Nothing more could be done. The Germans or the English would have to tend their own casualties. Bezarin forcefully shut his mind to the suffering around him. But a part of him felt as though he were the lone occupant of a fragile boat in the middle of a storm at sea. All a man could do was hang on.
He moved along his disordered line of vehicles, shouting at officers and men to mount up, to regroup their platoons. He screamed and cursed at them all until his voice began to fail, and even then he forced the mingled commands and obscenities out of his raw throat. He sensed that the only way to hold his dwindling unit together was by sheer force of will.
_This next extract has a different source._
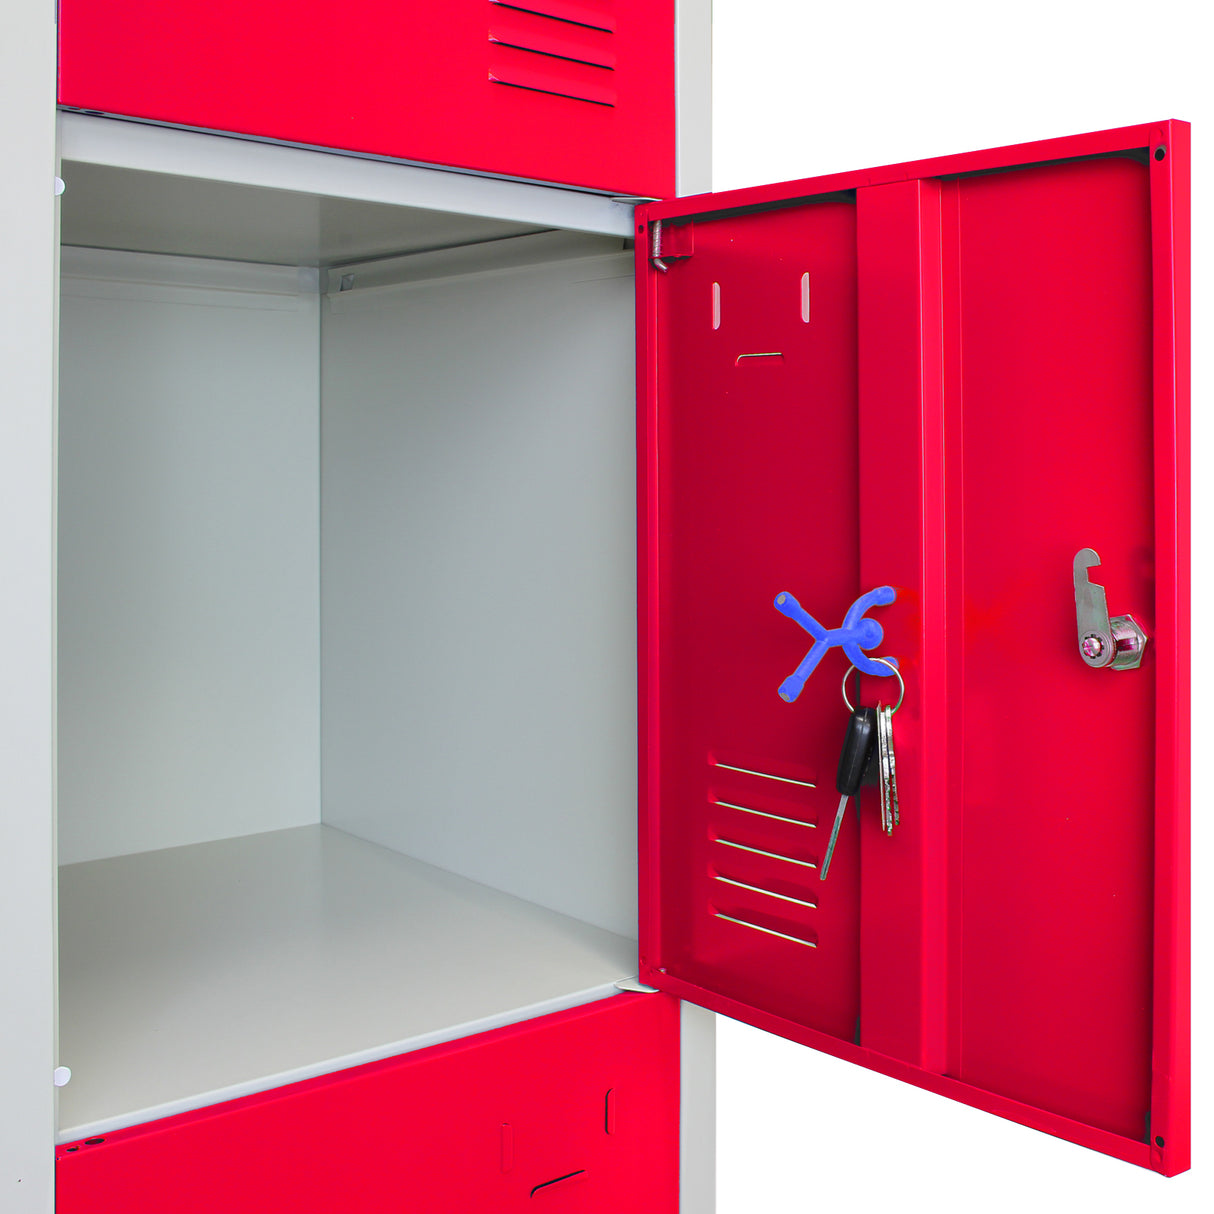 3 x casiers de rangement en métal - Quatre portes, Rouge - A plat

The unit pulled together. The vehicles had a battered, overloaded look, a caravan of military gypsies. Camouflage nets trailed over decks, and stowage boxes had been torn open. Vehicle fenders had twisted into chaotic shapes, and cartridge casings littered every flat surface on the infantry fighting vehicles. The self-propelled guns worked their way down from the ridge, and, at Bezarin's wave, the little column began to move again. He had heard nothing from Dagliev's advance element, but he contented himself with the thought that he had told the company commander to use the radio only to warn of trouble ahead. He took the quiet as a positive sign.
Bezarin had directed that the vehicles maintain twenty-meter intervals, but the difficulty of moving along the refugee column soon squeezed that distance down to an average of less than ten meters. He allowed the crowding as long as they marched immediately beside the panic-stricken traffic, sensing that his enemy would not stage an air attack against his column as long as it hugged living refugees. Besides, he did not want to lose control of a single vehicle.